Could every line of the listing be output exactly, with the pictures skipped?

*GIVEN MATERIAL:*
☆ ☆ ☆ ☆ ☆
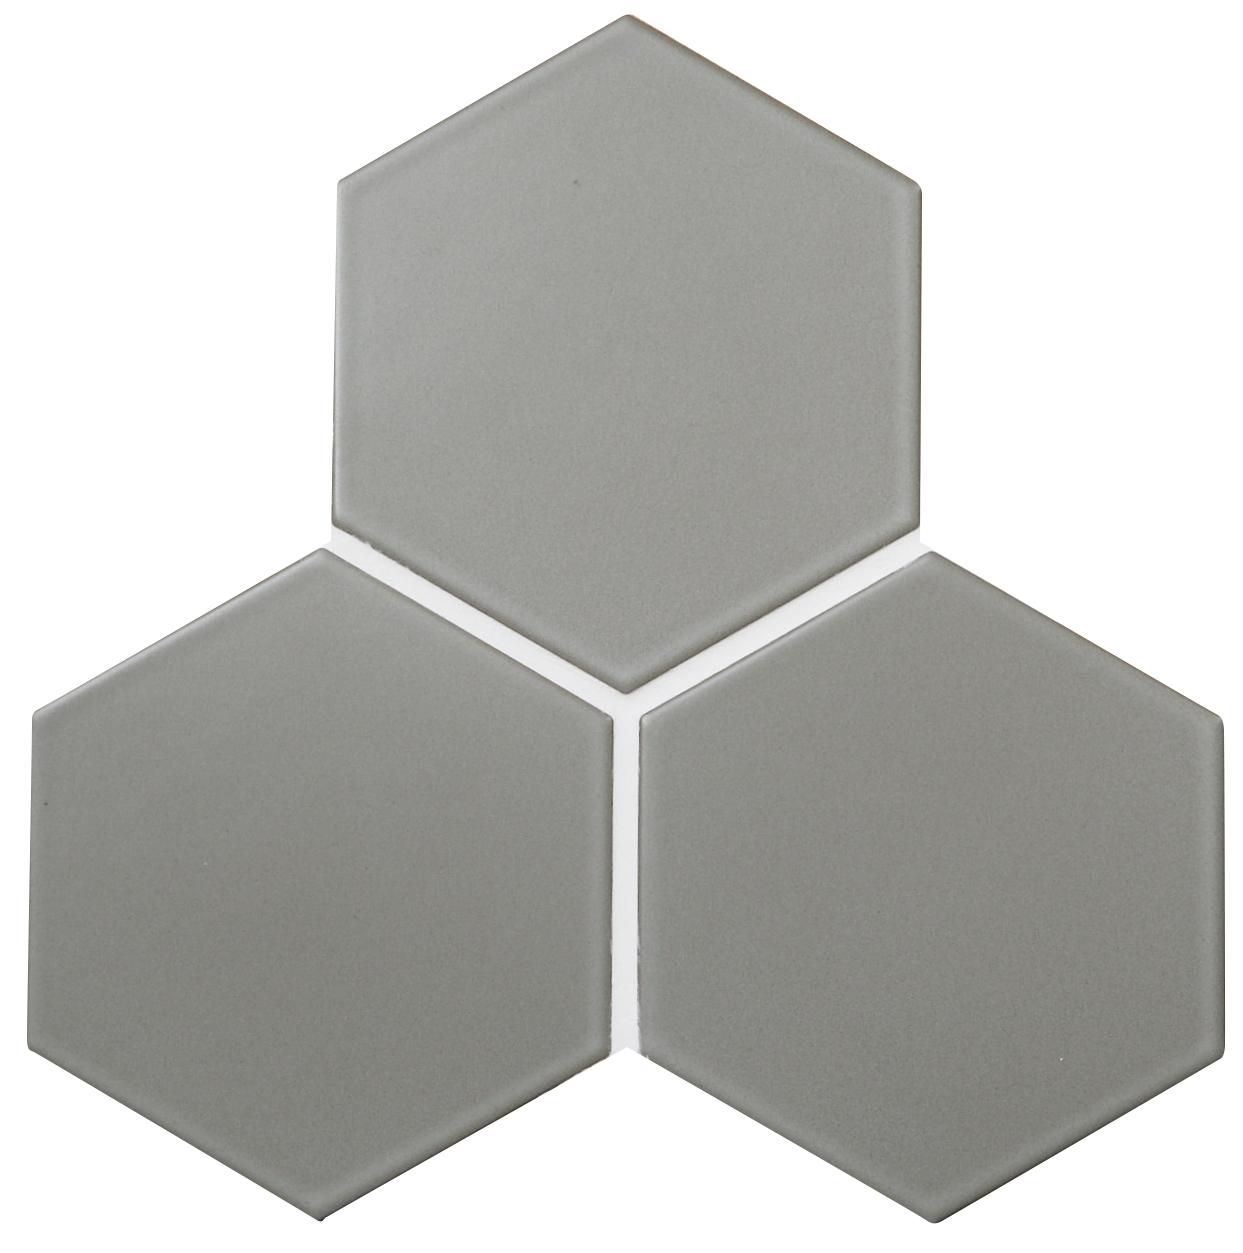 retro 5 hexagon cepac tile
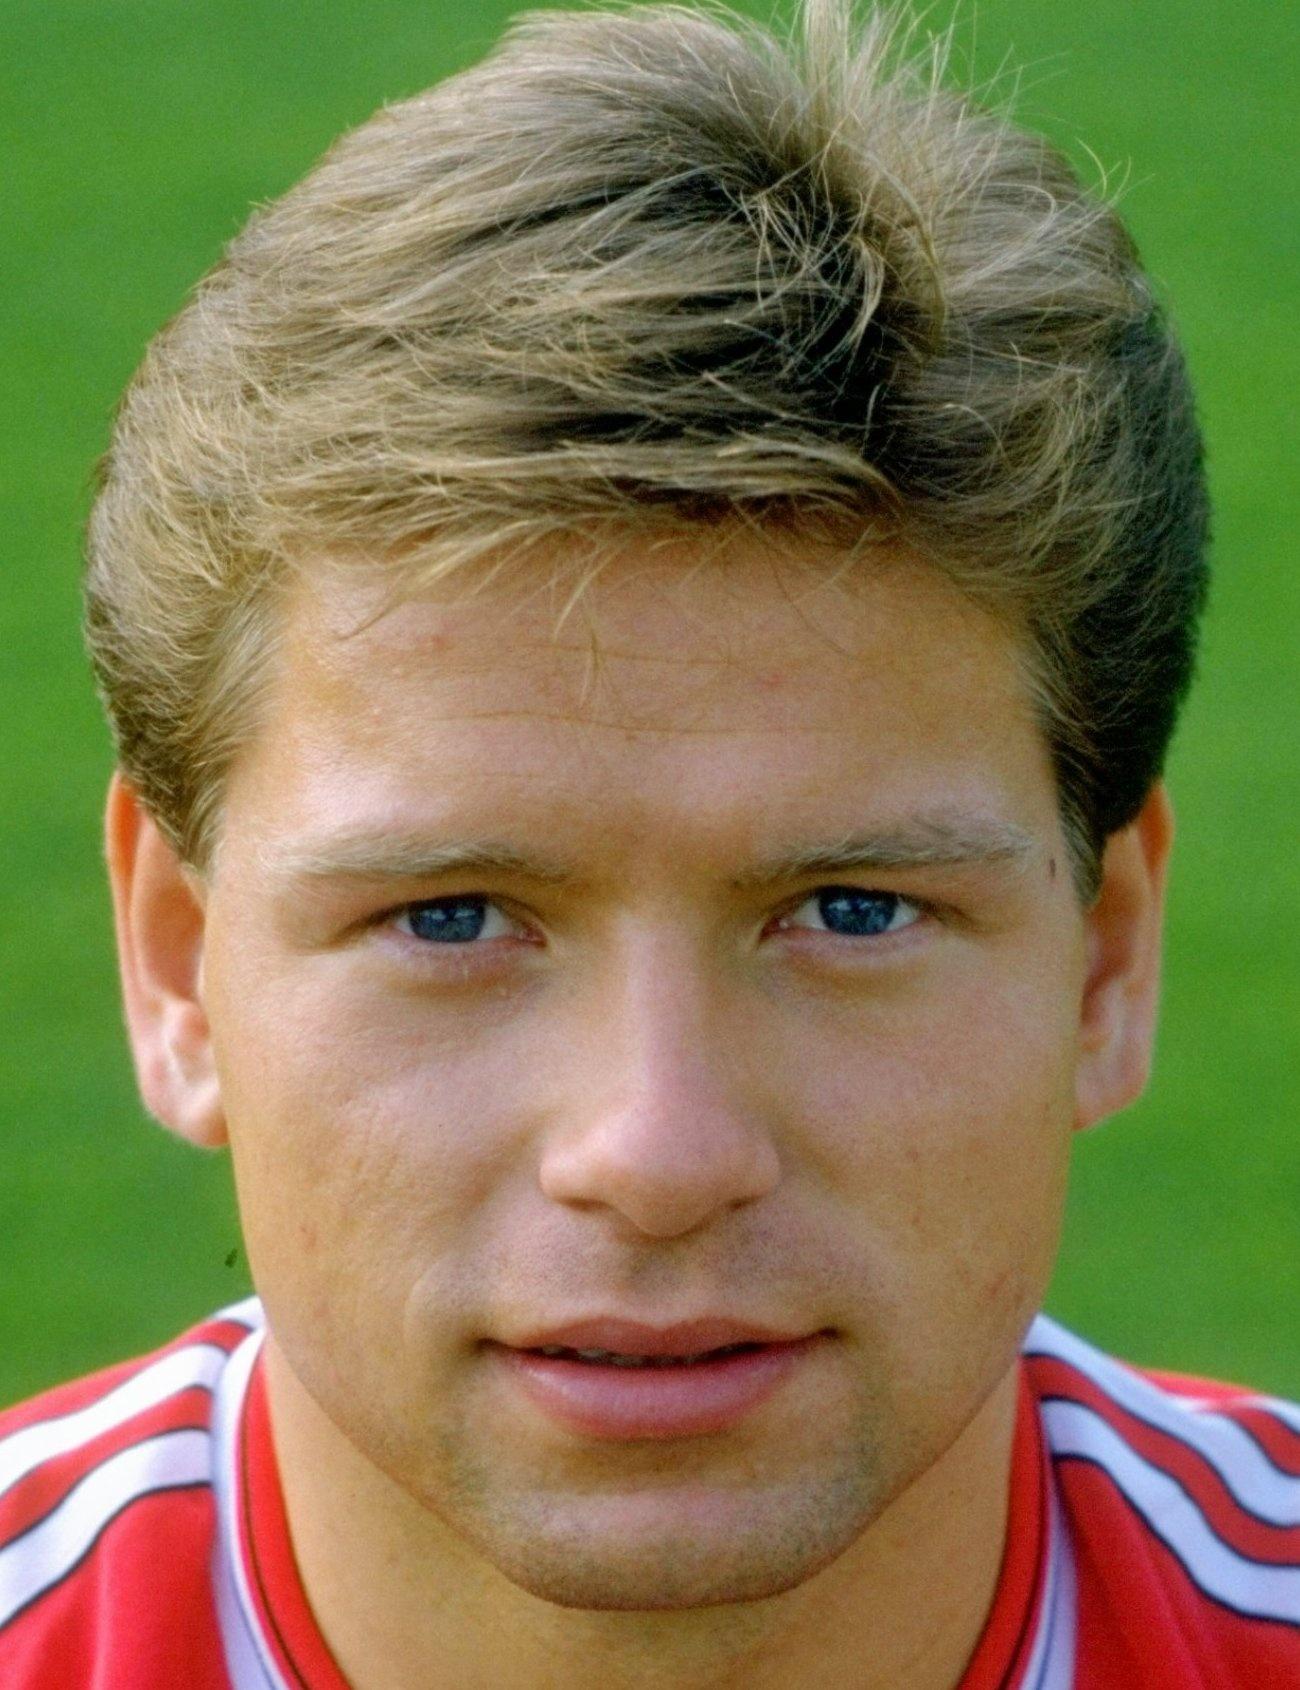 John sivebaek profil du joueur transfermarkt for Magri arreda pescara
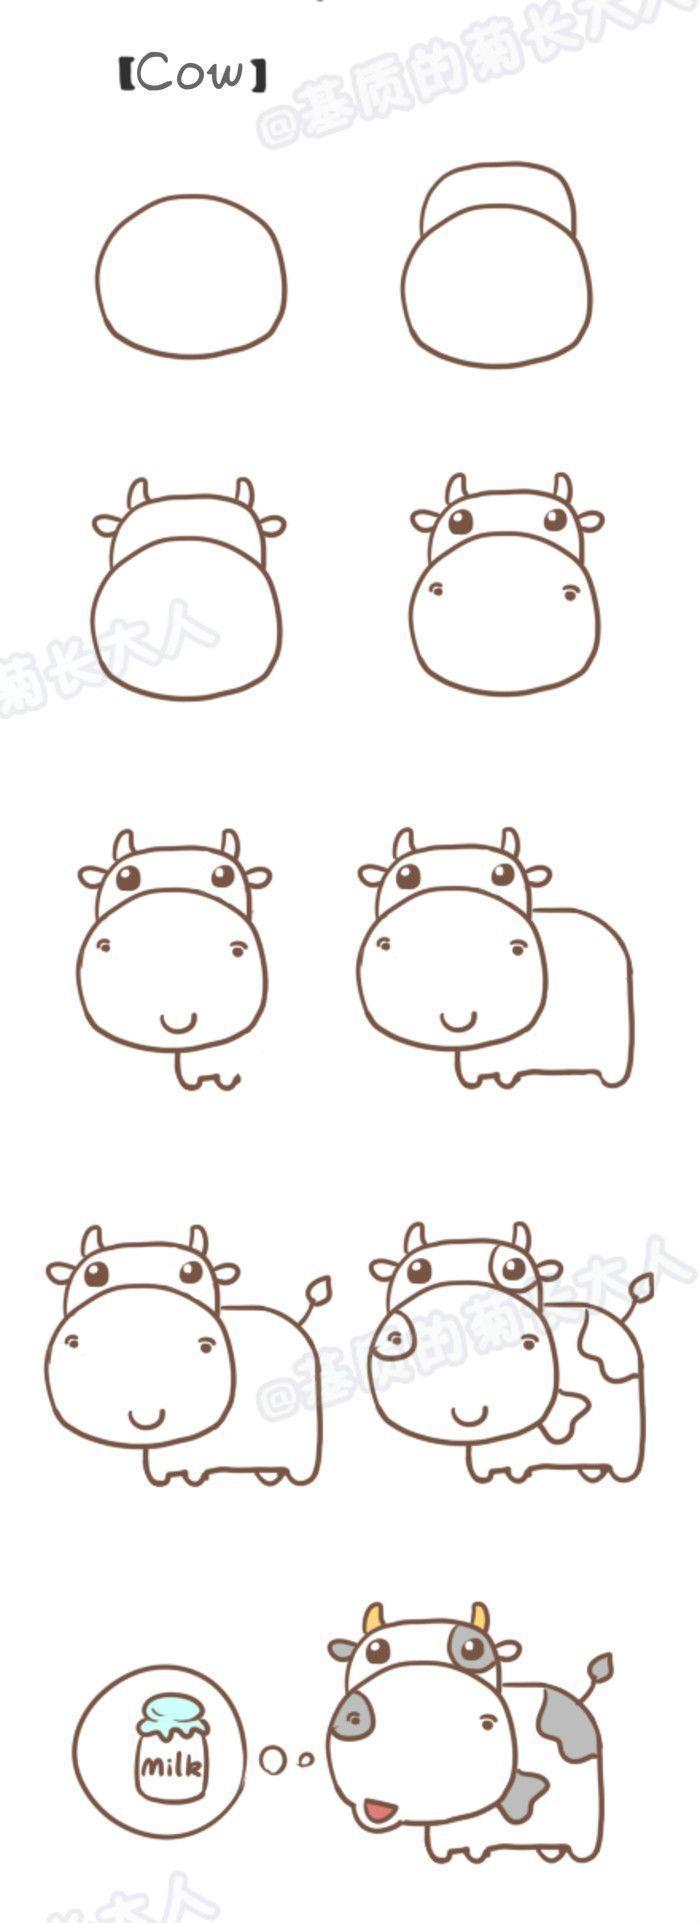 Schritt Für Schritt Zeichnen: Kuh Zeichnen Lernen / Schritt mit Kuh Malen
☆ ☆ ☆ ☆ ☆
*ANSWER FOR THIS EXERCISE:*
 retro 5 hexagon cepac tile
 John sivebaek profil du joueur transfermarkt for Magri arreda pescara
 Schritt Für Schritt Zeichnen: Kuh Zeichnen Lernen / Schritt mit Kuh Malen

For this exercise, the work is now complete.